*Try it*
Reproduce the lines below exactly, from the one containing "Гардина Haft, цвет: белый, высота" through the one containing "Палантин Sophie Ramage, цвет: синий, белый.", both included. Leave out any pictures.

___ Source records ___

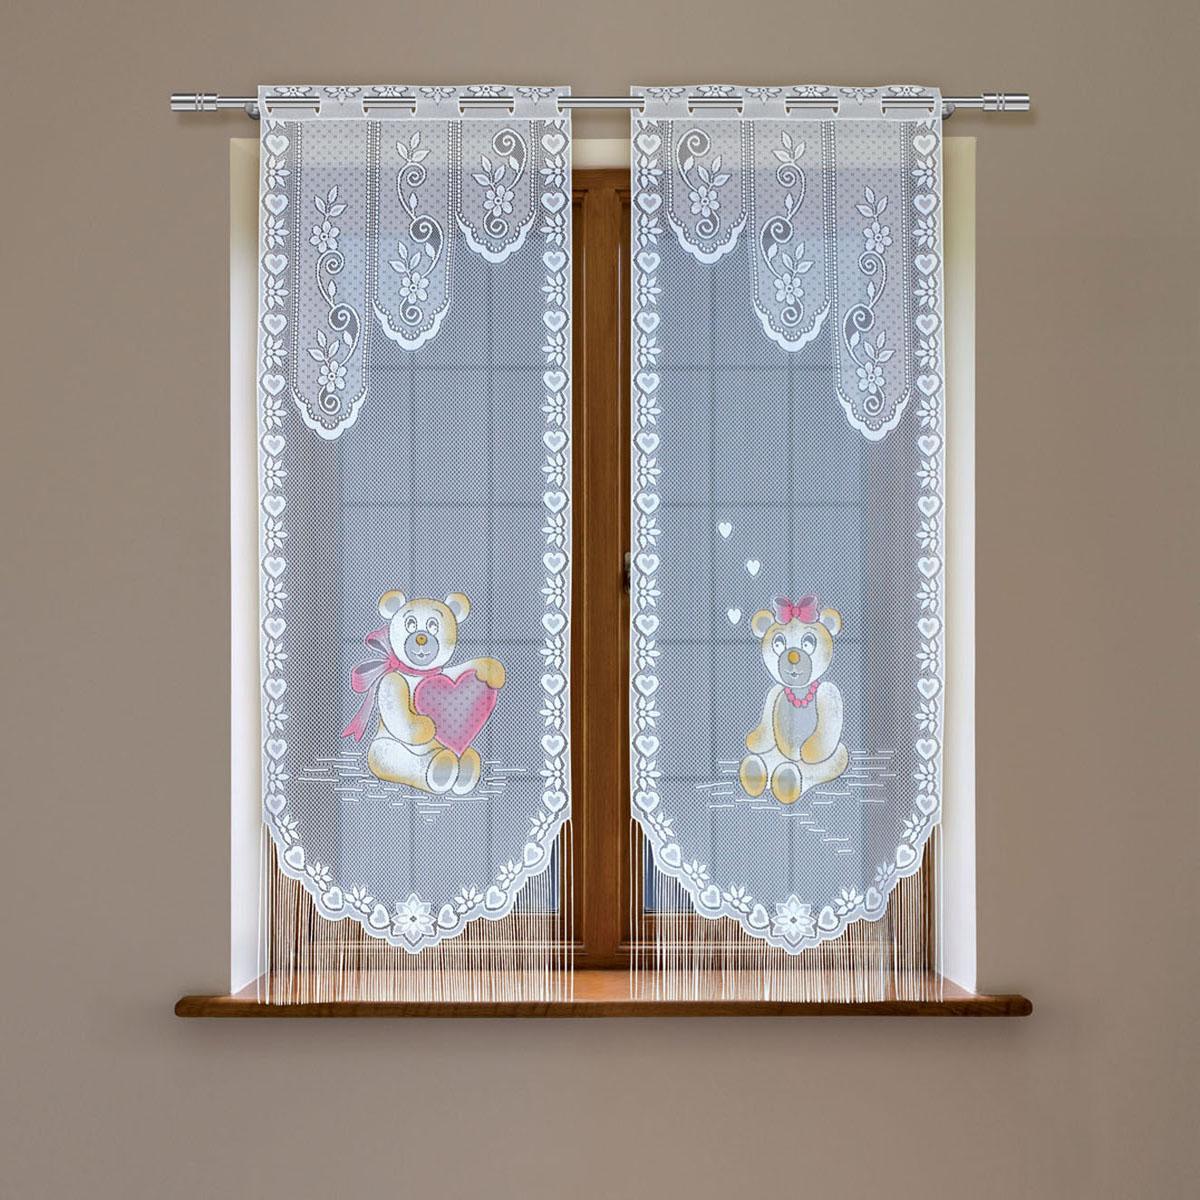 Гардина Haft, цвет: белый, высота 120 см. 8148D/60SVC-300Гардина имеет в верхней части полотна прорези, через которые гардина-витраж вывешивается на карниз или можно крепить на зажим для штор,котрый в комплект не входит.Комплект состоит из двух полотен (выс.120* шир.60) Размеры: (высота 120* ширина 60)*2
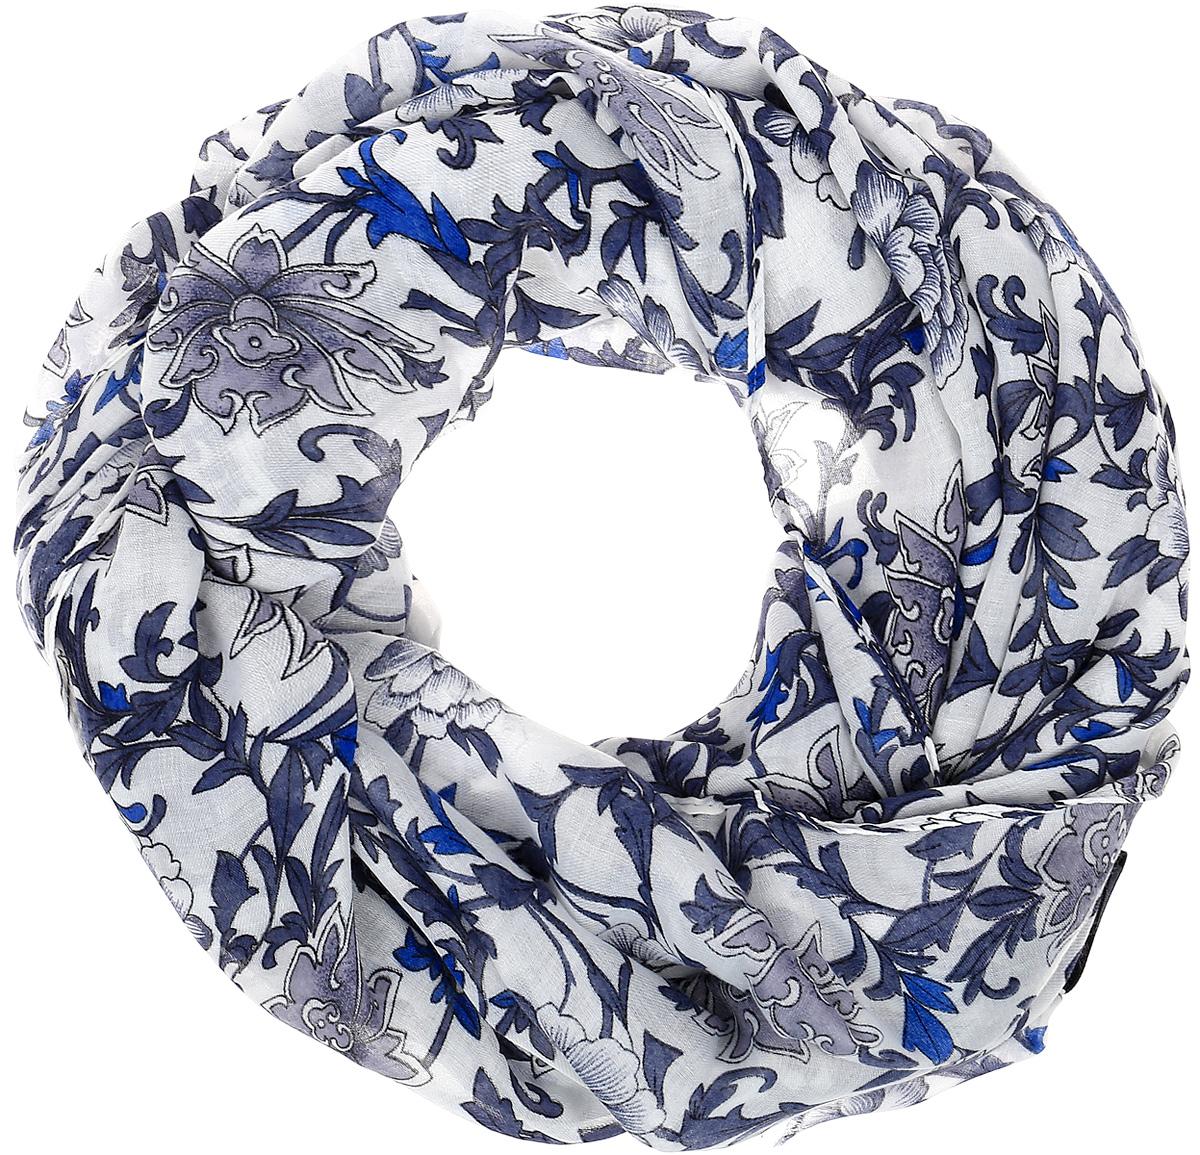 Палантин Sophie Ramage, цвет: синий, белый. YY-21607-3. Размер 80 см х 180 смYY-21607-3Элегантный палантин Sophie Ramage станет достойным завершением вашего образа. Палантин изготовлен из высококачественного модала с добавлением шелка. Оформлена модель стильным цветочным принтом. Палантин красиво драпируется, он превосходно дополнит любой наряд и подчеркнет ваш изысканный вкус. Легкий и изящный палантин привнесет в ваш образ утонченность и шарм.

___
___ Source records ___

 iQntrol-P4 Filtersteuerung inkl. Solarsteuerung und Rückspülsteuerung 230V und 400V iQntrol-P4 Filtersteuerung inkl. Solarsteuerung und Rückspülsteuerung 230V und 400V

___

*Task response*
 Гардина Haft, цвет: белый, высота 120 см. 8148D/60SVC-300Гардина имеет в верхней части полотна прорези, через которые гардина-витраж вывешивается на карниз или можно крепить на зажим для штор,котрый в комплект не входит.Комплект состоит из двух полотен (выс.120* шир.60) Размеры: (высота 120* ширина 60)*2
 Палантин Sophie Ramage, цвет: синий, белый. YY-21607-3. Размер 80 см х 180 смYY-21607-3Элегантный палантин Sophie Ramage станет достойным завершением вашего образа. Палантин изготовлен из высококачественного модала с добавлением шелка. Оформлена модель стильным цветочным принтом. Палантин красиво драпируется, он превосходно дополнит любой наряд и подчеркнет ваш изысканный вкус. Легкий и изящный палантин привнесет в ваш образ утонченность и шарм.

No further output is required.